The results from this study are in direct contrast to earlier immunolocalisation studies using antisera against AGPase which suggested that there was an extraplastidiary isoform of AGPase in tomato fruit (Chen et al., 1998), but not in maize endosperm (Miller and Chourey, 1995; Brangeon et al., 1997). However, it is possible that the immunogold-labelling patterns seen in these studies do not accurately reflect the in vivo situation. Further studies by Beckles and Smith (2001) indicated that this is indeed probably the case since the proportion of the total activity of AGPase that was confined to the plastid was similar to that of the total activity of enzymes known to be confined to the plastid. When samples of plastid and total homogenate fractions were subjected to immunoblotting with an antisera raised against AGPase, most or all of the protein detected was plastidial.

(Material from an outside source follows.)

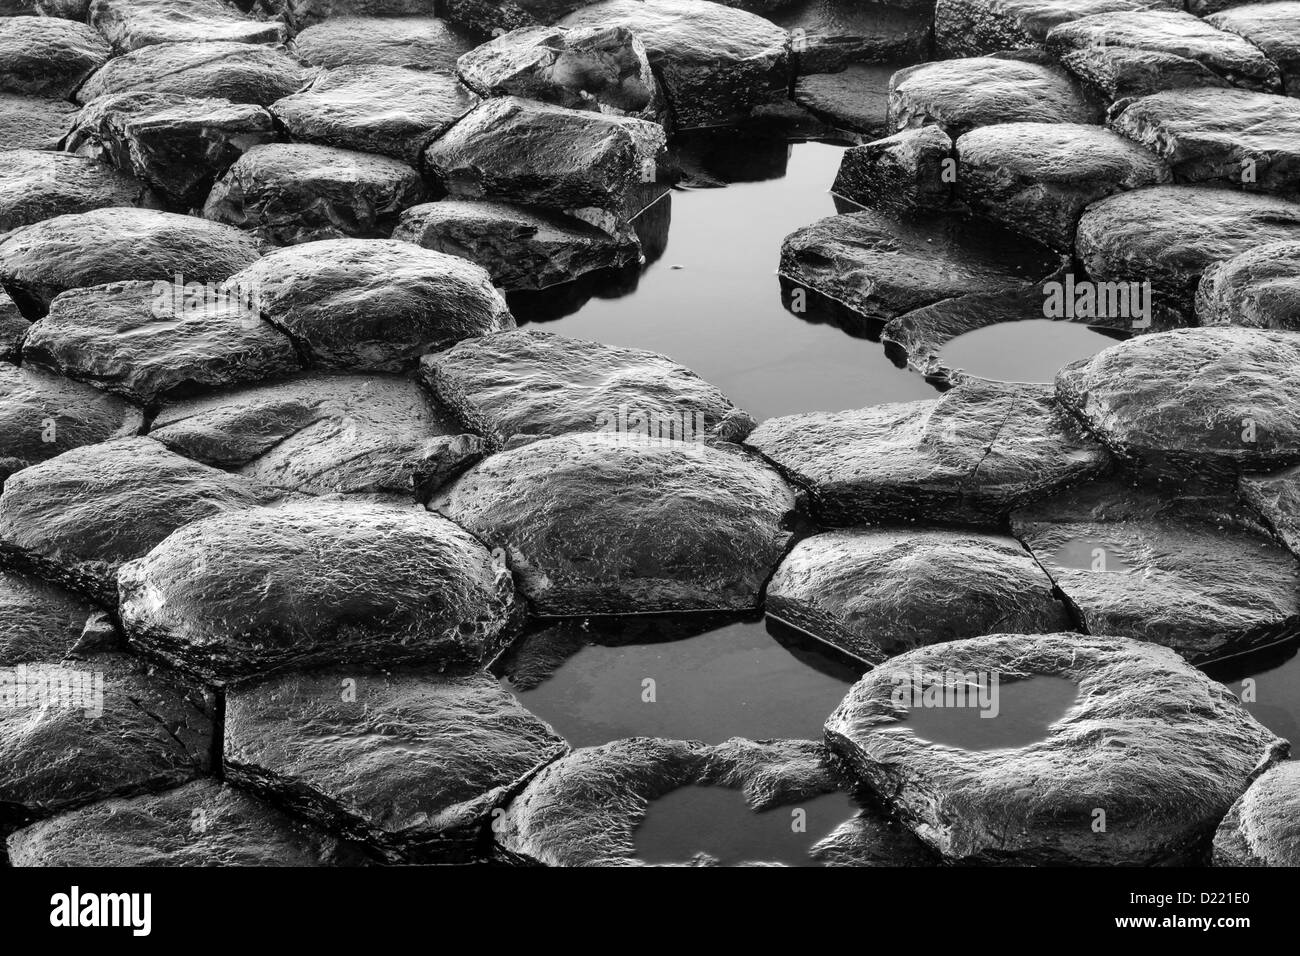 Les détails de la texture monochrome du modèle hexagonal des roches basaltiques de la célèbre Chaussée des Géants, en Irlande du Nord. Banque D'Images

The utilisation of UDPglucose as a substrate for starch synthesis has not been discussed here as it is unlikely to be a major route of starch synthesis in plants for several reasons. Firstly, unlike certain glycogen synthases that can efficiently utilise UDPglucose as a substrate, plant starch synthases are either specific for ADPglucose, or have affinities for this nucleoside that are far in excess of those for UDPglucose (Smith, 1990). Furthermore, since UGPase appears to be absent from the plastid (Entwistle and ap Rees, 1988) there is no route other than through starch synthases by which UDPglucose can support starch synthesis. Secondly, as described above the reduction of ADPglucose production by decreasing the AGPase activity in a wide range of species by approaches of mutagenesis or transgenesis reduces starch accumulation (Tsuai and Nelson 1966; Lin et al., 1988a, 1988b; Smith et al., 1989; Müller-Rober et al., 1992). Additionally, as described above genetic manipulation of SuSy which produces UDPglucose had no effect on starch synthesis.